Silence du parlement sur les problèmes des Ivoiriens – Affi N’guessan charge l’Assemblée nationale

L’ancien Premier ministre Pascal Affi N’Guessan, député dans la circonscription électorale de Bonguanou, par ailleurs, président du Front populaire ivoirien (FPI), a dénoncé, le vendredi 28 juin 2024, le silence de l’Assemblée nationale face aux problèmes  auxquels sont confrontés les Ivoiriens. C’était après la clôture de la première session ordinaire du parlement. « Je pense que l’Assemblée nationale pouvait faire mieux. Parce que Nous nous sommes contentés de voter des textes qui sont venus du gouvernement. Or il y a les réalités quotidiennes des Ivoiriens sur lesquelles l’Assemblée nationale doit réfléchir et se pencher. La cherté de la vie, l’orpaillage clandestin, les inondations, la corruption, les problèmes des paysans au nombre desquels la filière café-cacao »,  a déclaré à la presse, Pascal Affi N’Guessan qui répondait à la question des journalistes relative au bilan de la session ordinaire.

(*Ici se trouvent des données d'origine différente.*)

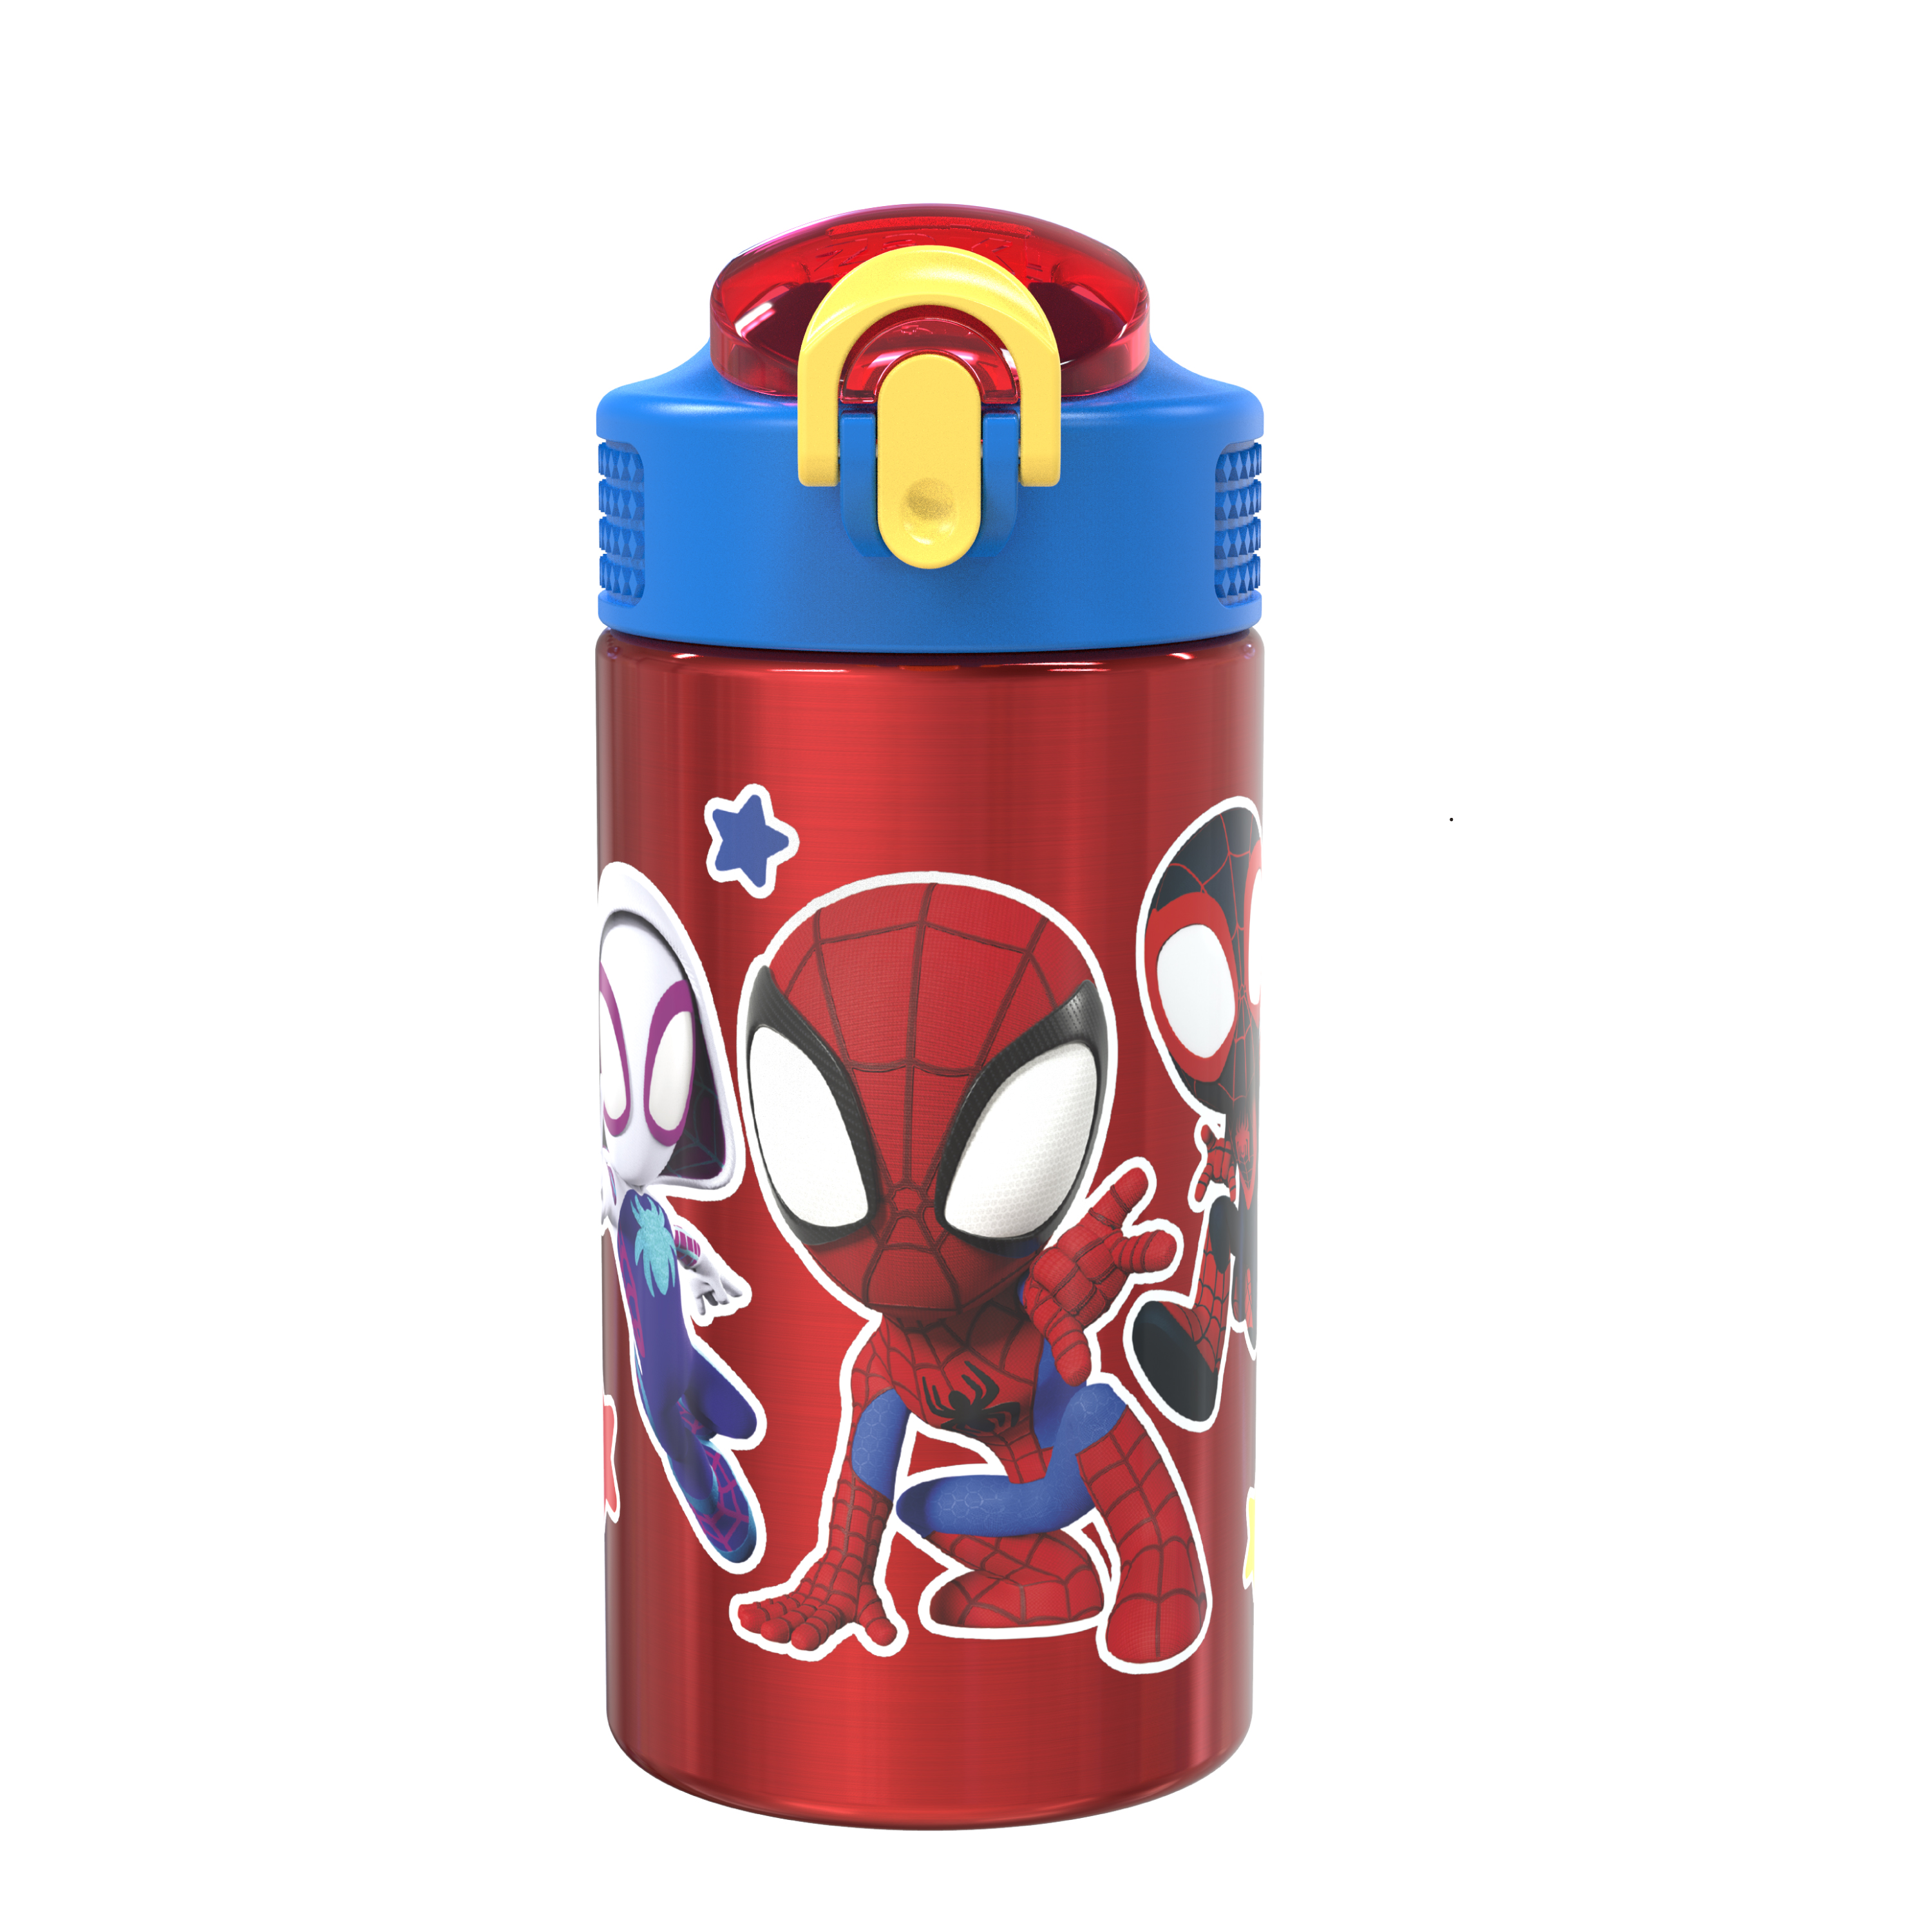 Spider-Man and His Amazing Friends 15.5 ounce Stainless Steel Water Bottle with Built-in Carrying Loop, Spider-Friends slideshow image 1

A noter que le président  de l’Assemblée nationale, Adama Bictogo, a dressé un bilan quantitatif des activités par rapport à cette période. Selon Pascal Affi N’Guessan qui a dénoncé l’absence des thématiques à l’ordre du jour de la session liées à la vie des Ivoiriens, le parlement ne doit pas se contenter de voter des lois uniquement en provenance du gouvernement.

Mais l’Assemblée nationale, dira-t-il, doit être au fait des réalités et des préoccupations des Ivoiriens « qui à n’en point douter ne demandent que ça ». Et le parlementaire de la région du Moronou d’espérer que l’Assemblée nationale rectifiera le tir à l’occasion de la deuxième session qui va démarrer le 1er octobre 2024, en ouvrant notamment des enquêtes parlementaires en vue d’une gestion transparente des ressources publiques, synonyme de réponses adéquates aux attentes des populations. « Gage d’un avenir meilleur pour notre pays », a-t-il précisé.

Félix Teha-Dessrait

tehadessrait@gmail.com

Légende photo : Pascal Affi N’Guessan, député de

Bongouanou sous-préfecture, par ailleurs, président du FPI.